Ross County start Covid-19 testing as return to training draws closer


County and Celtic have bought their own testing unit.

Ross County have begun testing their players for Covid-19 as Scottish Premiership clubs gear up for a return to training.

Celtic, who like County bought their own testing unit, are also beginning their screening programme this week but clubs have varied in their approach to going back to training.

The Scottish Football Association’s suspension of all football activity will be lifted on Thursday for top-flight clubs only but they are only allowed to train under the same restrictions as the rest of the population under the Scottish Government’s phase one of lockdown easing.

That allows two players or one player and a coach to train together outside in a specific area while still physically-distancing, so does not require testing to begin immediately.

County however have already put their machine to use, writing on Twitter: “We were delighted to start our internal Covid-19 testing this morning will all players and staff being required to be tested by our team, assisted with help from external medical personnel.”

St Johnstone are awaiting the arrival of a testing machine from South Korea and will start screening next week ahead of a return to training.

Dundee United players are due back on Monday and will not immediately be tested. The regulations could change from phase two, which will not be implemented until June 18 at the earliest.

Head coach Robbie Neilson told the BBC’s Scottish Football Podcast: “The players have been keeping themselves ticking over and will come back in on Monday. Initially we thought we would have to get them tested but we found out because we are in phase one (we don’t have to).

Robbie Neilson is looking forward to getting his players back together
Robbie Neilson is looking forward to getting his players back together (PA)

“It has changed quite significantly in the last couple of days because we were worried about having to get tested and get the machines coming in and how we could do it. Now we can gear up for training on Monday, they will be socially distanced, they will be in corners.

“It’s just trying to get them back together again. For me the biggest difficulty has been the psychological side for the players, being isolated a lot of them have young families in flats in Dundee and it’s been tough.

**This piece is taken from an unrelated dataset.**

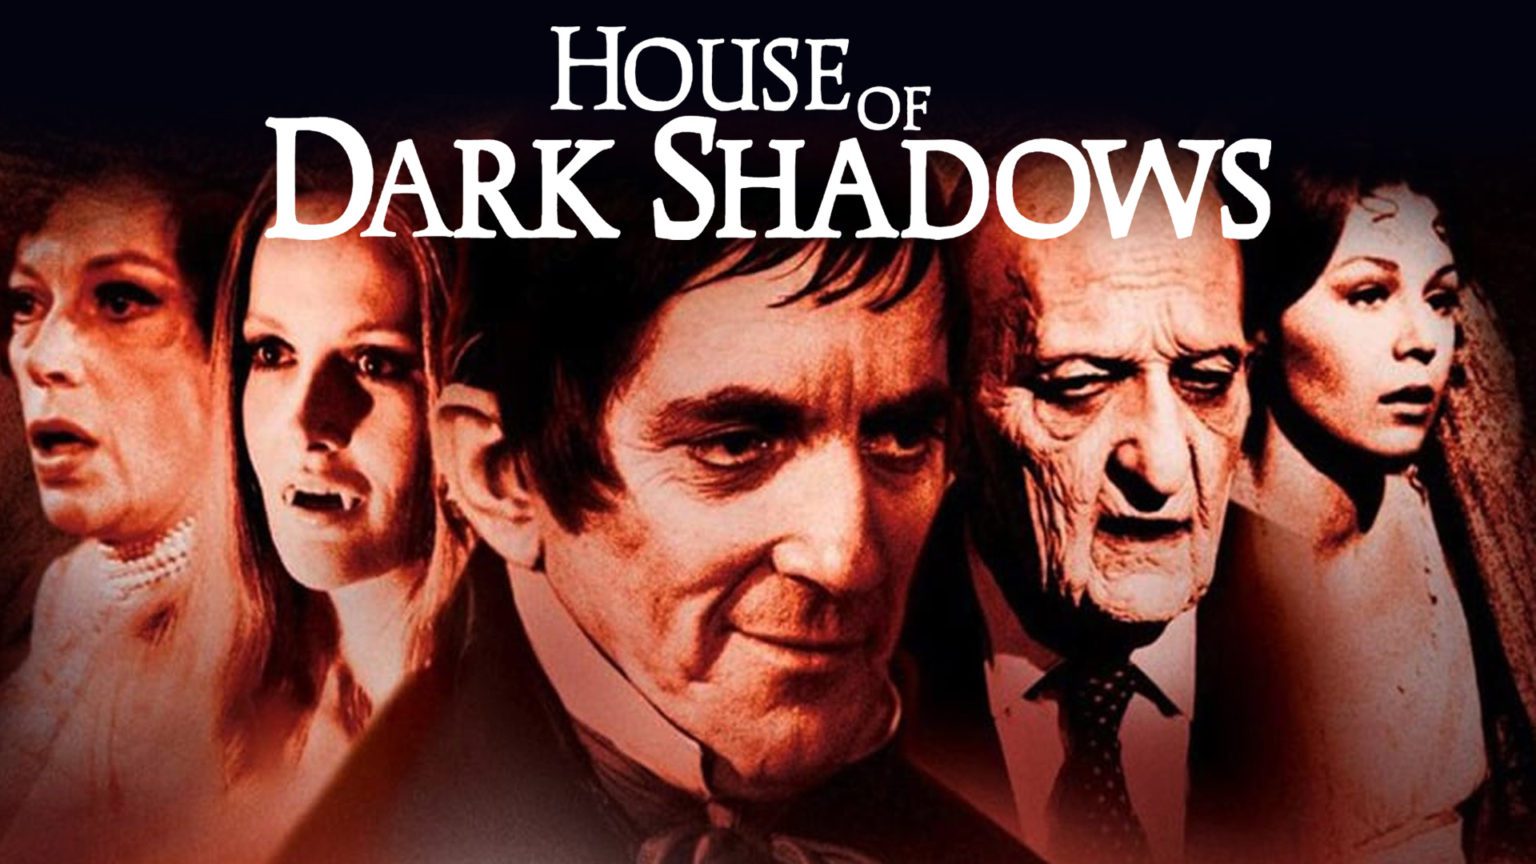 Still Casting Shadows... The Magic Of 'Dark Shadows' (1966) Still ...

“We have tried to keep in contact with them. We have put together a leadership group of five players who look after five or six players each and speak to them two or three times a week. Coaches have split into groups as well to look after players and just talk to them.

“I think the players are just desperate to get back in and our difficulty will be to keep them apart, because as soon as players come together they want to interact and play five v five. We have to make sure they are socially-distanced and all protocols are covered until we move into the next phase.

“We have to see what procedures we need to go through for that and whether we can get testing to allow players to come into contact. But the first one of getting the players back to the club is a big step for everybody.”

Kilmarnock will also wait until Monday to get players back in.

Director Cathy Jamieson said in a letter to supporters: “The club has made arrangements for the twice-weekly Covid-19 testing to take place as required, in co-operation with other clubs, to ensure that the most cost-effective solution is put in place. With an estimated cost of GBP 100 per player per week for the tests, it is not an insignificant sum.

“The initial phase will be non-contact training. Measures will be put in place to take players’ temperatures on arrival as a precaution, as well as to ensure that there is minimal contact except on the pitch. Other safeguards will include use of sanitizing equipment and ensuring parking and entry arrangements aid social distancing.”